Going branchless hurt performance.

The math-heavy version was slower than the conditional one.

Test 3: Perfect Prediction

After seeing that removing branches entirely slowed things down, I wanted to test the opposite extreme — keep the branch, but make it perfectly predictable.

I rewrote the loop to make every branch outcome deterministic — a checkerboard pattern of alternating writes:

if ((x + y) % 2 == 0) {
    out_surface.color_map[idx_out] = surface_in.color_map[idx_in];
}

The result?

renderPredictablePatternClean() 3 surfaces: 0.52 µs  (FASTEST yet!)
renderPredictablePatternClean() 5 surfaces: 0.67 µs

Boom.
When the branch became perfectly predictable, performance maxed out.

That was the moment everything clicked.

The mystery finally made sense — the anomalies all pointed to branch prediction.

Chart comparing the three methods accross sprite sizes with 3 overlapping surfaces

But I was not done yet ...

Bonus: The Fastest Branchless Variant

Even after confirming that predictable branches win, I still wanted to know:
Is there any truly branchless approach that can compete?

So I added two more experimental variants — both technically branchless, but very different in how they work.

Bitwise Mask Selection

Instead of if, this version builds a bitmask that’s all 1s if the destination pixel is empty, or 0 otherwise.
It then merges the colors using pure logical operations:

const occupied = out_surface.shadow_map[idx_out];
// 0xFF if empty, 0x00 if occupied
const mask = ~(occupied *% ~@as(u8, 0)); 

const old_color = out_surface.color_map[idx_out];
const new_color = surface_in.color_map[idx_in];

out_surface.color_map[idx_out] = .{
    .r = (old_color.r & ~mask) | (new_color.r & mask),
    .g = (old_color.g & ~mask) | (new_color.g & mask),
    .b = (old_color.b & ~mask) | (new_color.b & mask),
};

Conditional Move (CMOV)

This keeps an if in the source, but on modern CPUs, the compiler often emits a conditional move (CMOV) instruction.
That means the CPU executes both sides and conditionally commits the result — no pipeline stalls, no mispredictions.

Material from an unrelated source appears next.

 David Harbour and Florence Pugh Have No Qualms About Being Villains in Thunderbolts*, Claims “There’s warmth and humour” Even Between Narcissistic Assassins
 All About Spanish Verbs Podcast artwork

const new_color = if (out_surface.shadow_map[idx_out] == 0)
    surface_in.color_map[idx_in]
else
    out_surface.color_map[idx_out];

out_surface.color_map[idx_out] = new_color;

Then I benchmarked both against all previous “clean” variants.

Performance overhead relative to baseline render - 3 overlapping surfaces

What I Found

None of the fully branchless methods won outright.

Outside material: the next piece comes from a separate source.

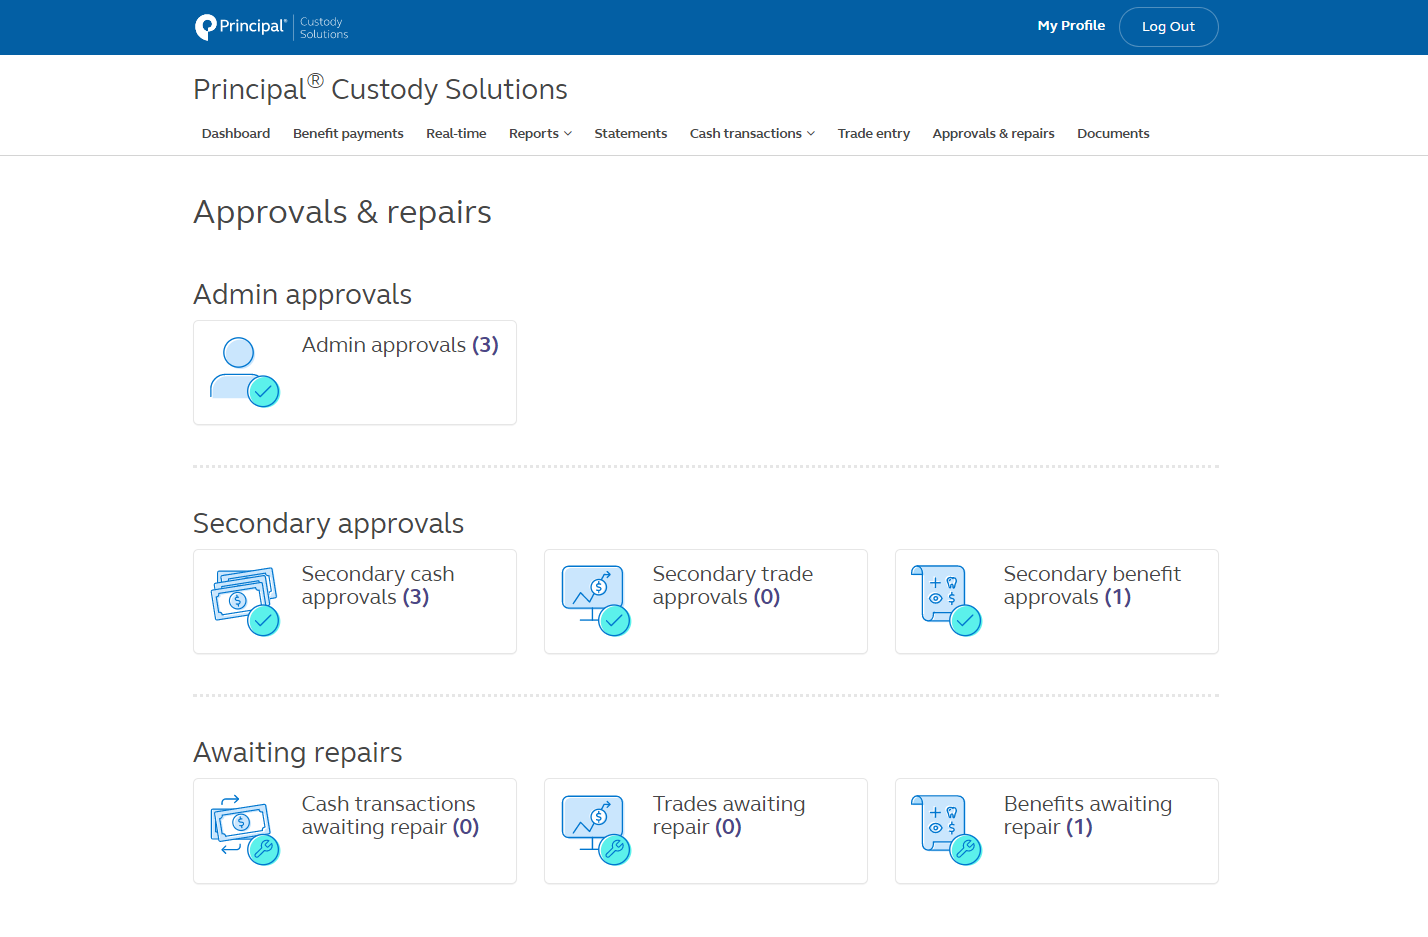 Account view providing more information on administration approvals and repairs to a custodial account.

The bitwise version performed almost identically to the arithmetic one — proving that the cost wasn’t in math type but in unconditional work.
The conditional-move version did slightly better, but still couldn’t beat the well-predicted branch of renderOriginalClean().
Only the predictable-pattern version consistently outperformed all others — because it let the CPU keep guessing right.

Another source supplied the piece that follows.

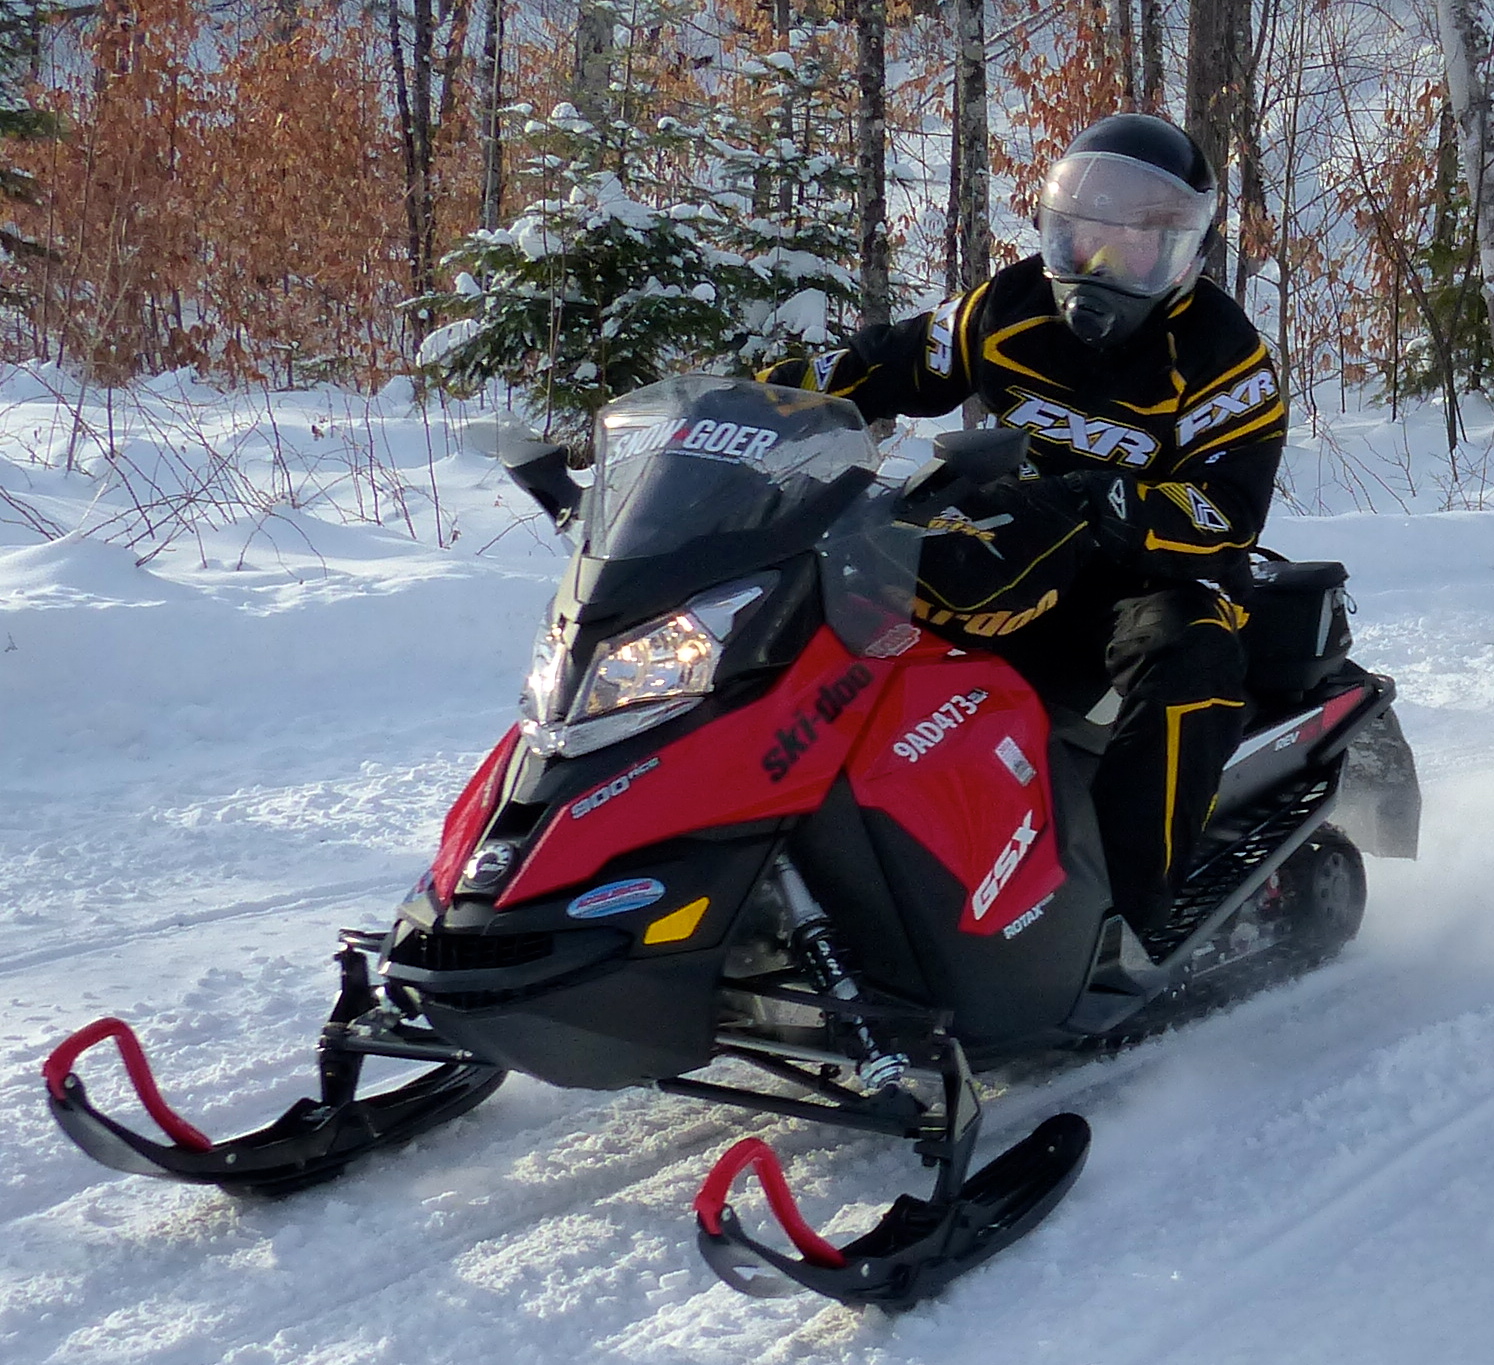 900 ACE Rotax Snowmobile Engine Product Review

By that point, I had rewritten and tested every variation I could think of — fewer branches, predictable patterns, even branchless math.
Yet something still felt off.

So before diving any deeper, I decided to go back to the very beginning — the benchmark itself.

Verifying the Phenomenon

To rule out artifacts, I changed the harness:

Randomized test order across methods and iteration count
Added a short warm-up (discarded iterations before timing)

With those fixes, the dramatic anomalies largely disappeared:

render():              3 surfaces:   0.64µs
renderWithAlpha():     3 surfaces:   0.92µs
renderWithAlphaToBg(): 3 surfaces:   1.10µs
render():              5 surfaces:   0.91µs
renderWithAlpha():     5 surfaces:   1.40µs
renderWithAlphaToBG(): 3 surfaces:   1.65µs

That was the missing piece.
The mystery wasn’t hiding in the renderer at all; it was in the benchmark.

The so-called optimization anomaly had simply been a cold-start effect — the first run always began before the cache and branch predictor had warmed up.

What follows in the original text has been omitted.